Activity: Only the pictures are to be omitted; everything else in the listing must be reproduced exactly.

Data below:

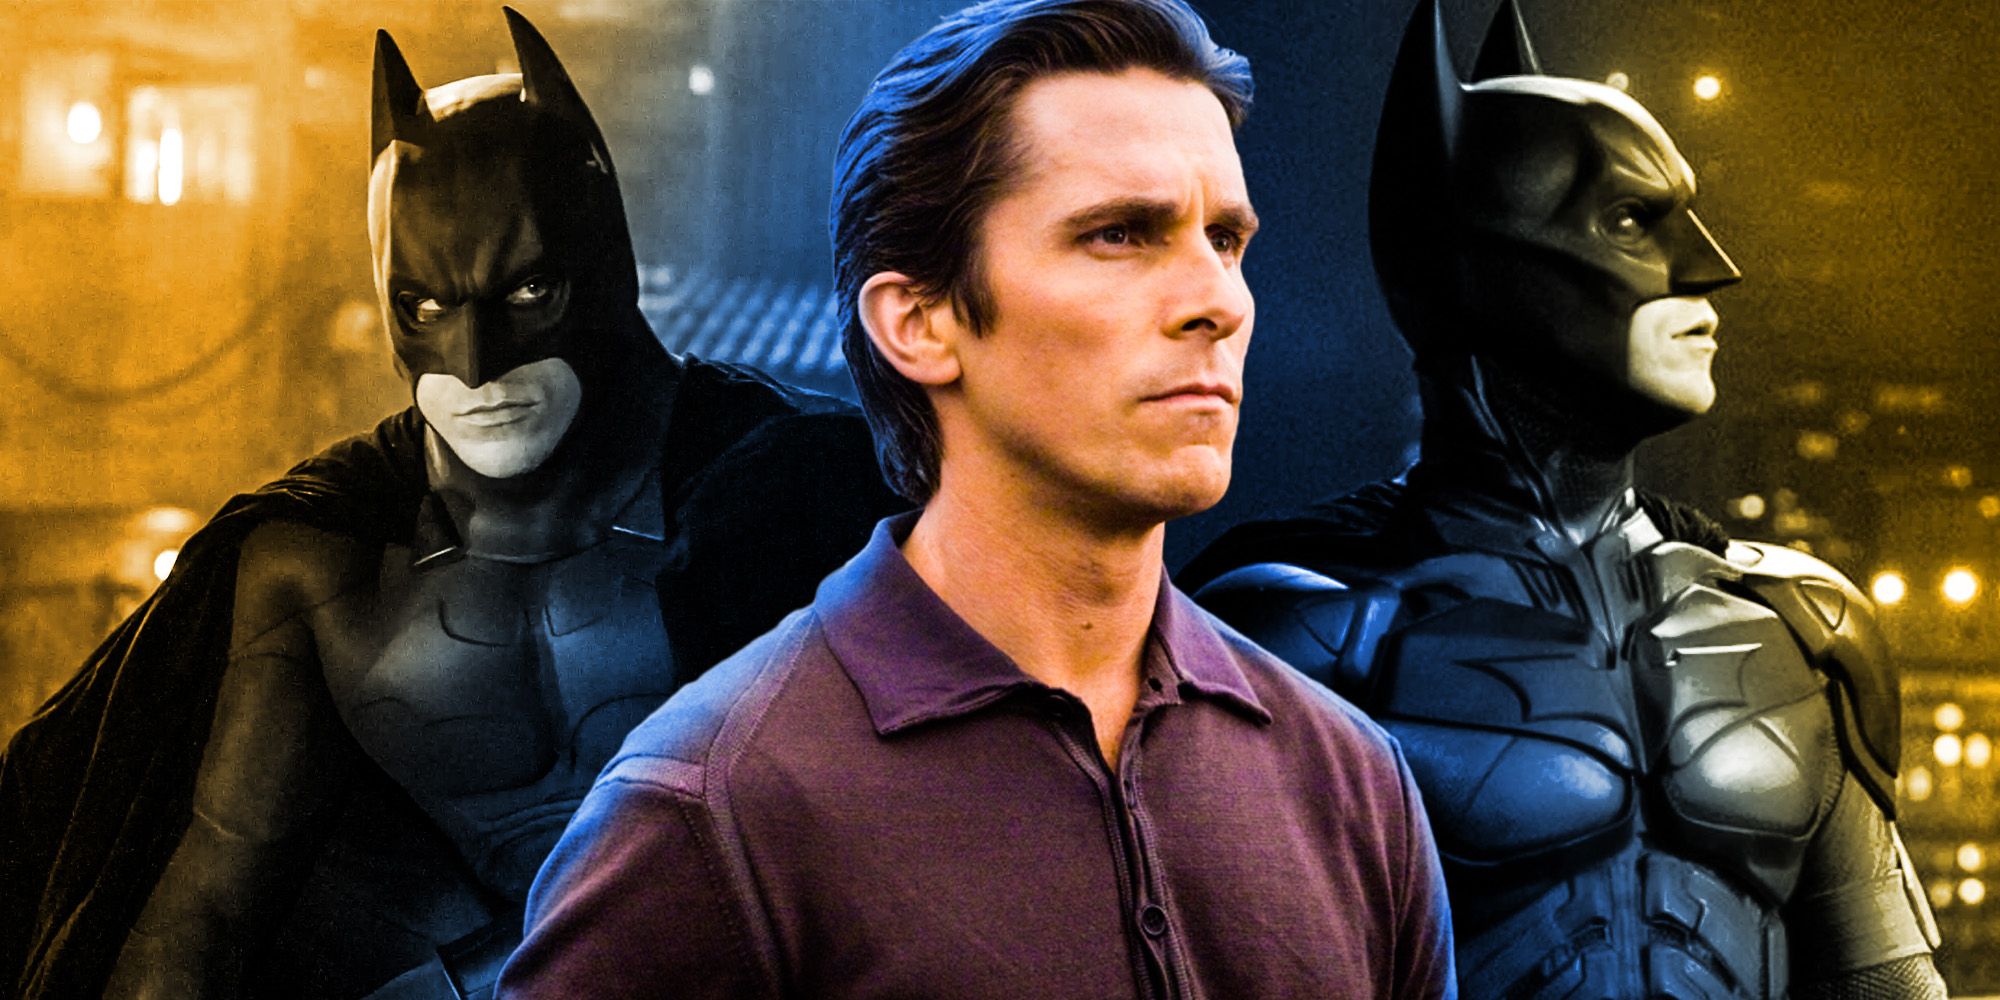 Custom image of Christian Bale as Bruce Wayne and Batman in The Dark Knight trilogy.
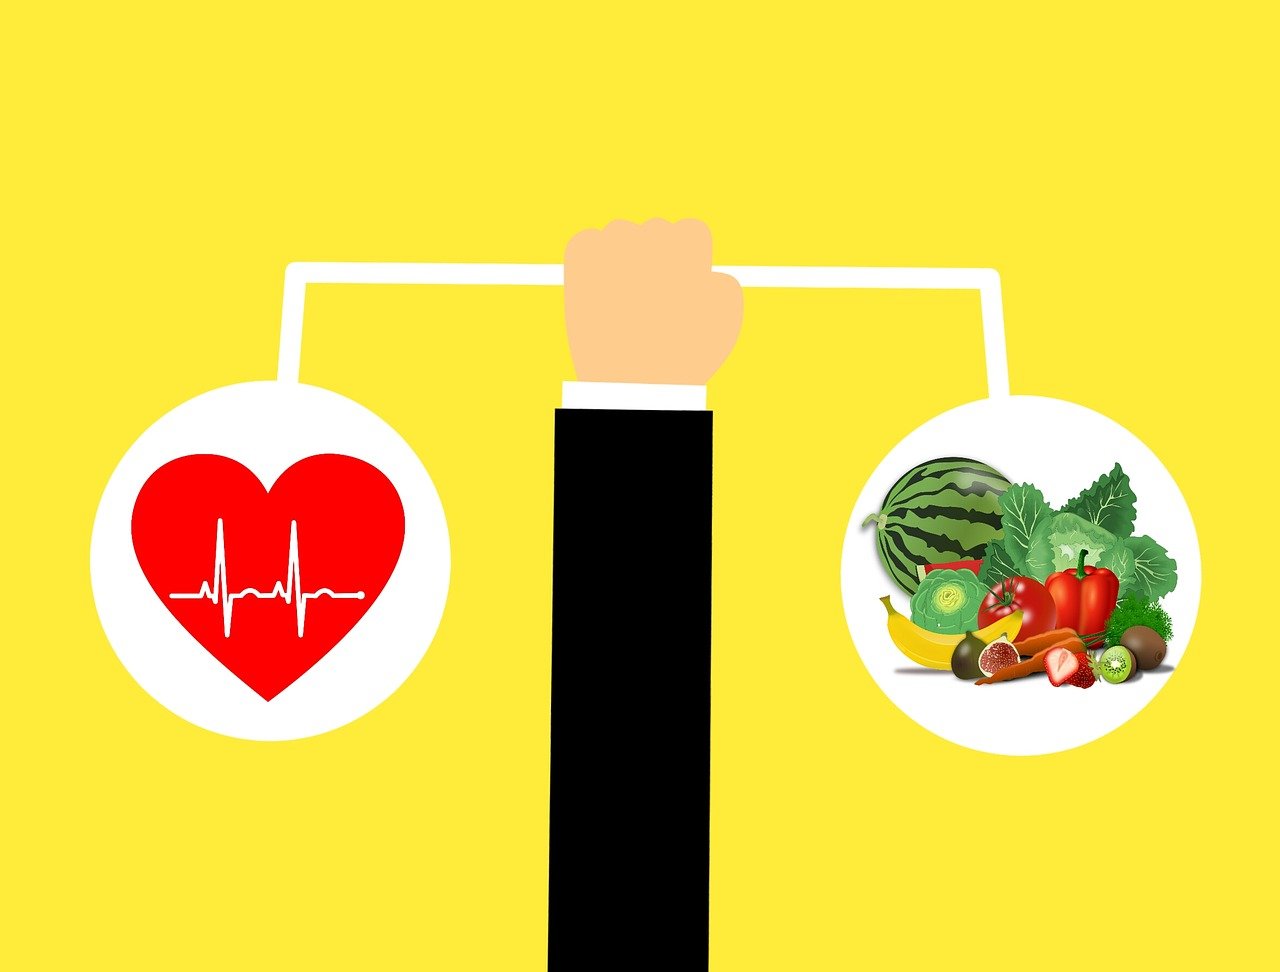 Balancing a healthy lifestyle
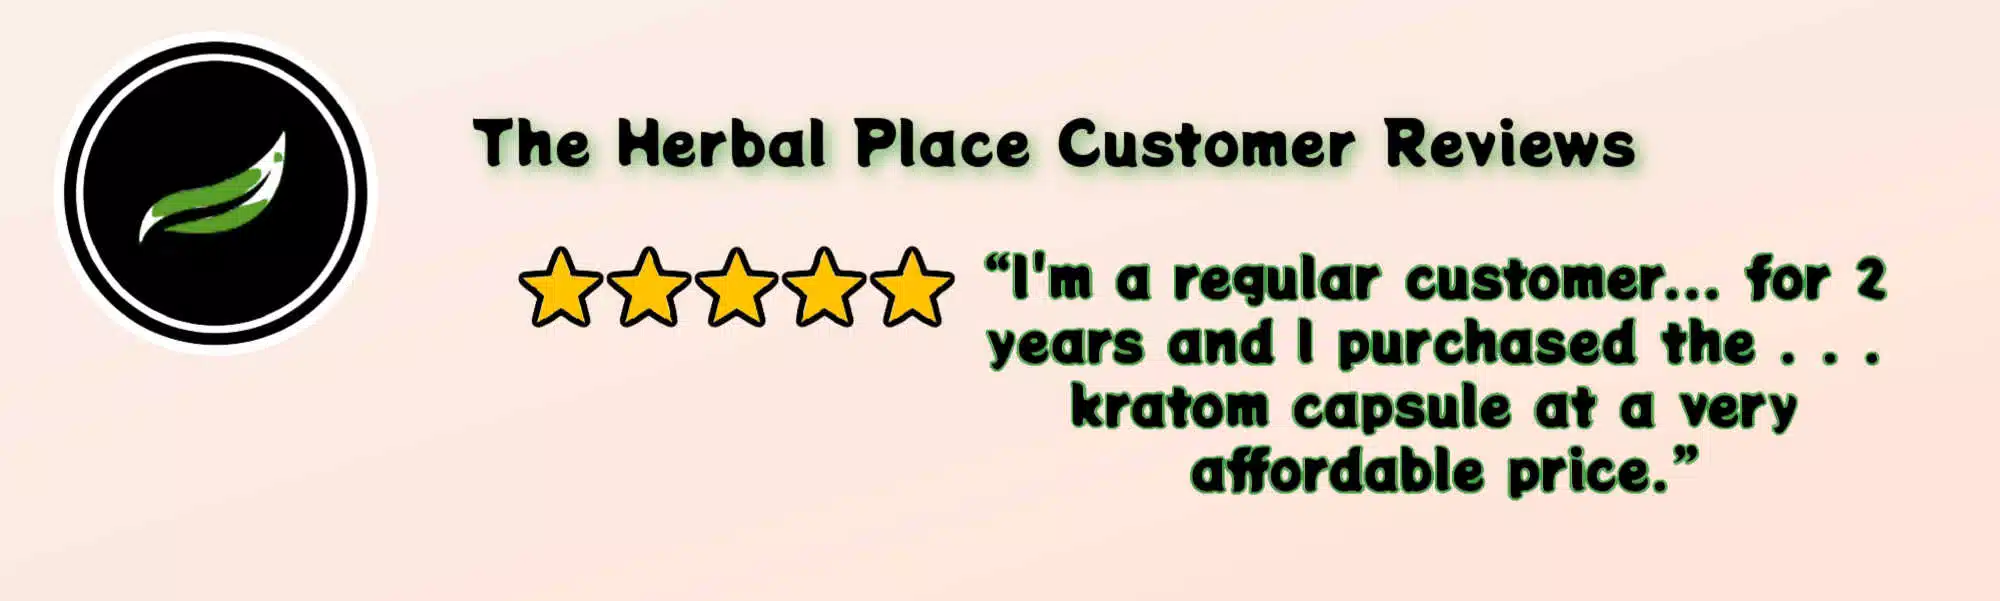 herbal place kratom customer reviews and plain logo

Exercise result:
 Custom image of Christian Bale as Bruce Wayne and Batman in The Dark Knight trilogy.
 Balancing a healthy lifestyle
 herbal place kratom customer reviews and plain logo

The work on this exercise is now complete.